> GIVEN INFORMATION
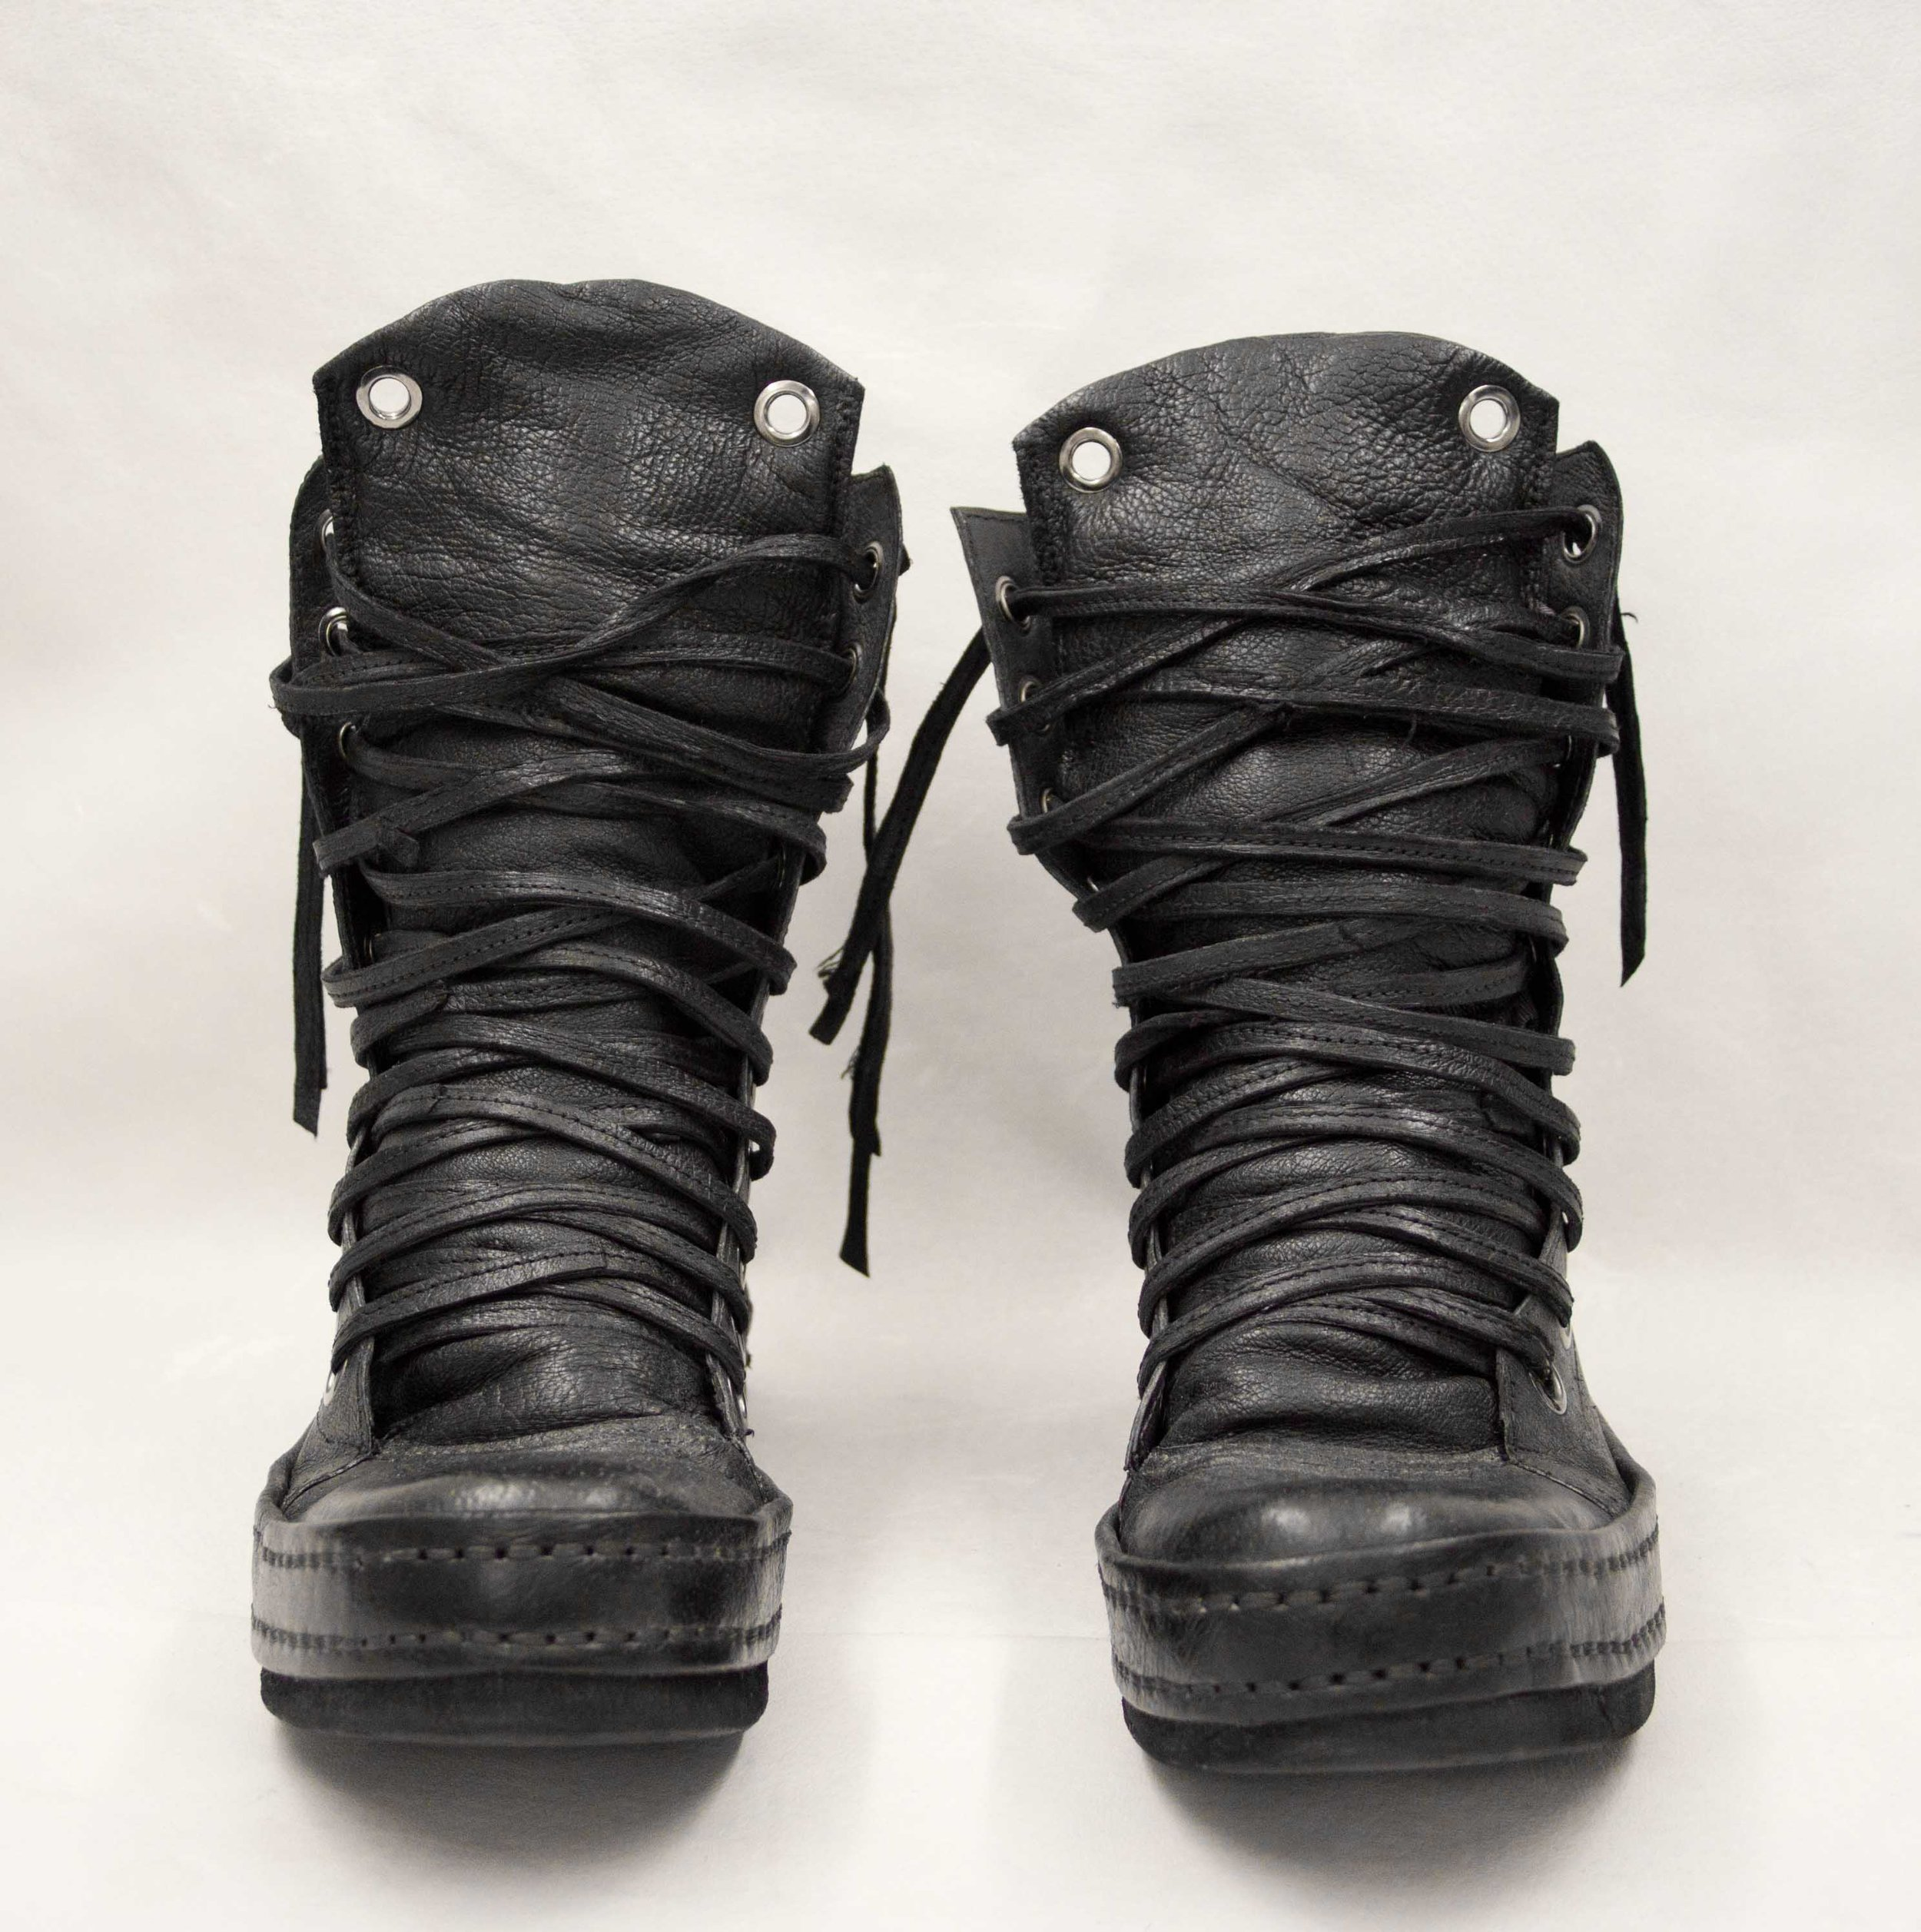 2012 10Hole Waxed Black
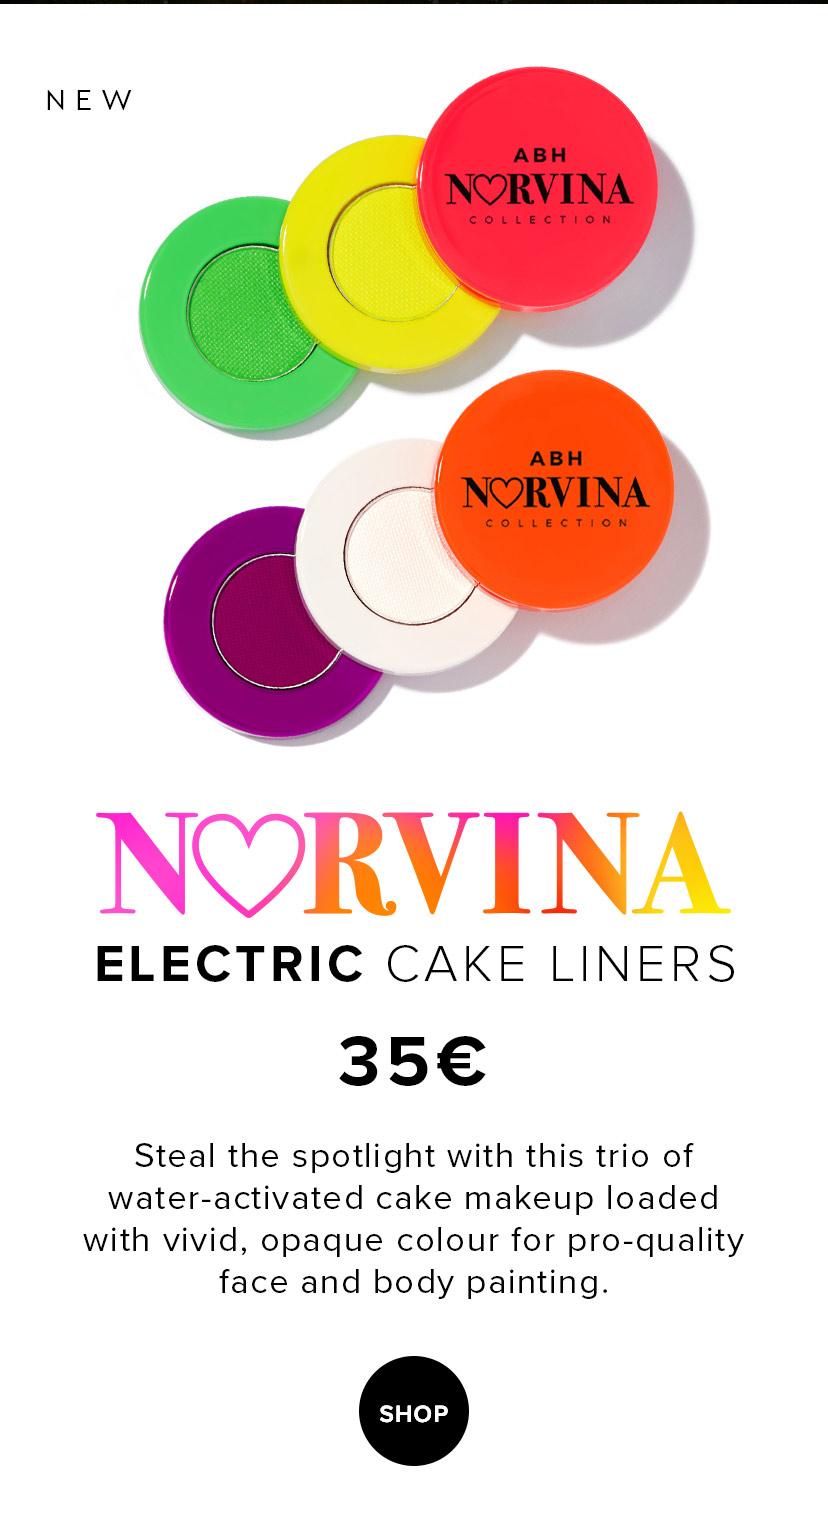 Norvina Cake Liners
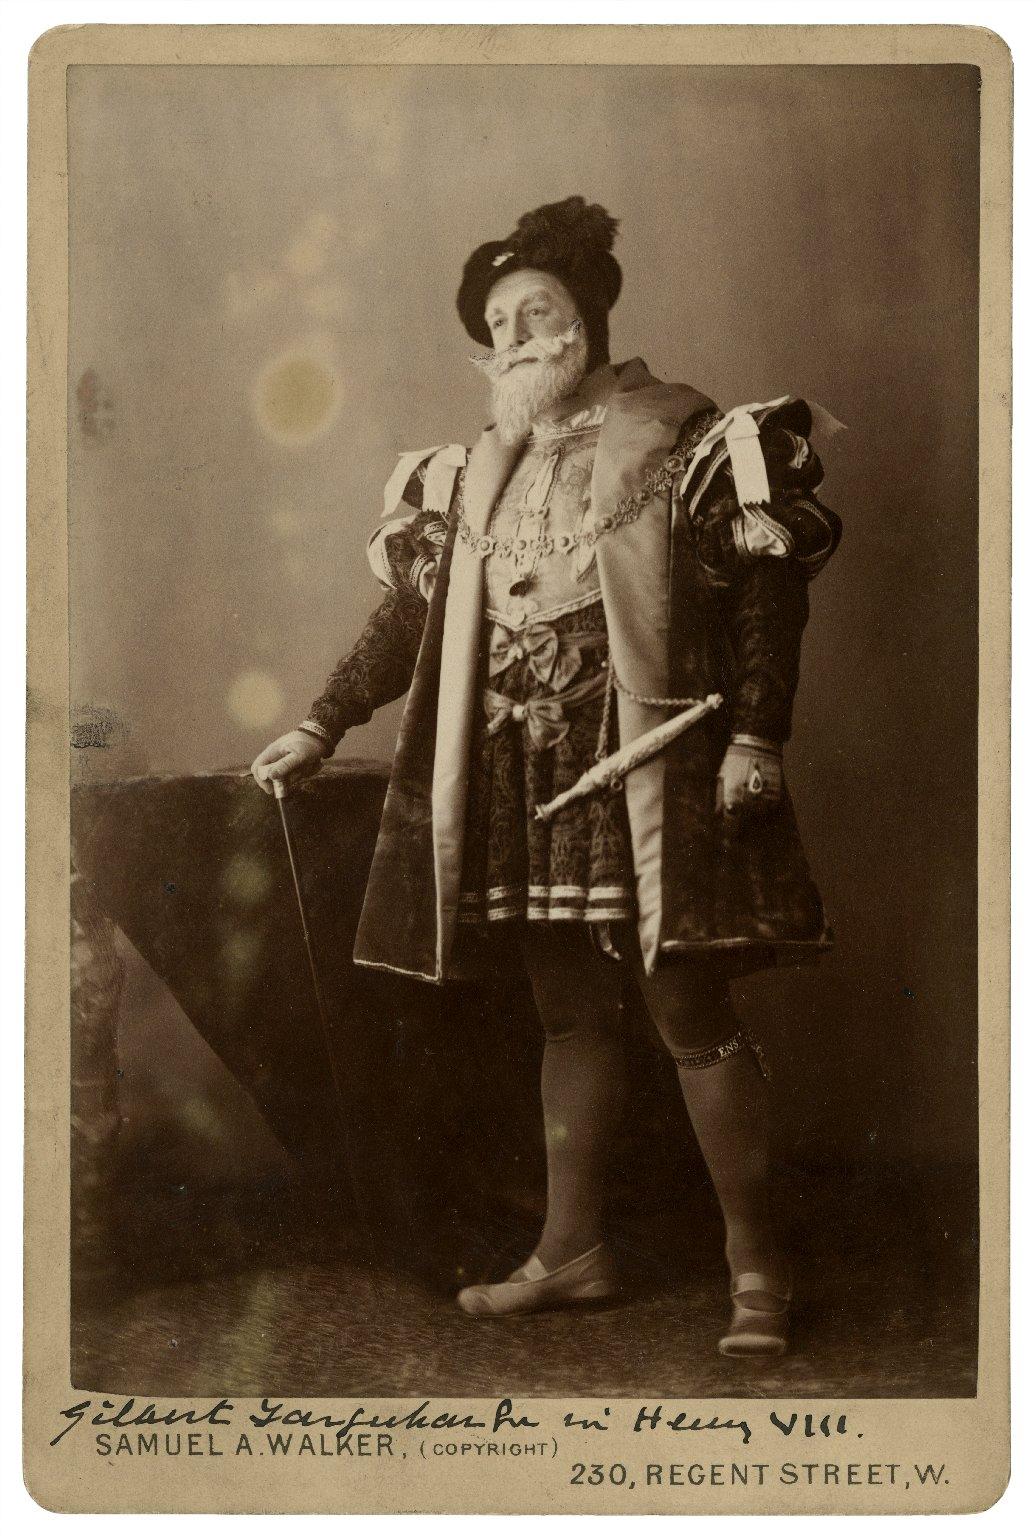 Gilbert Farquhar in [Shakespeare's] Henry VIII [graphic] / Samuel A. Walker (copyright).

> THE PROBLEM
Please provide a faithful transcription of all the data, pictures excluded.

> RESPONSE TO THE TASK
 2012 10Hole Waxed Black
 Norvina Cake Liners
 Gilbert Farquhar in [Shakespeare's] Henry VIII [graphic] / Samuel A. Walker (copyright).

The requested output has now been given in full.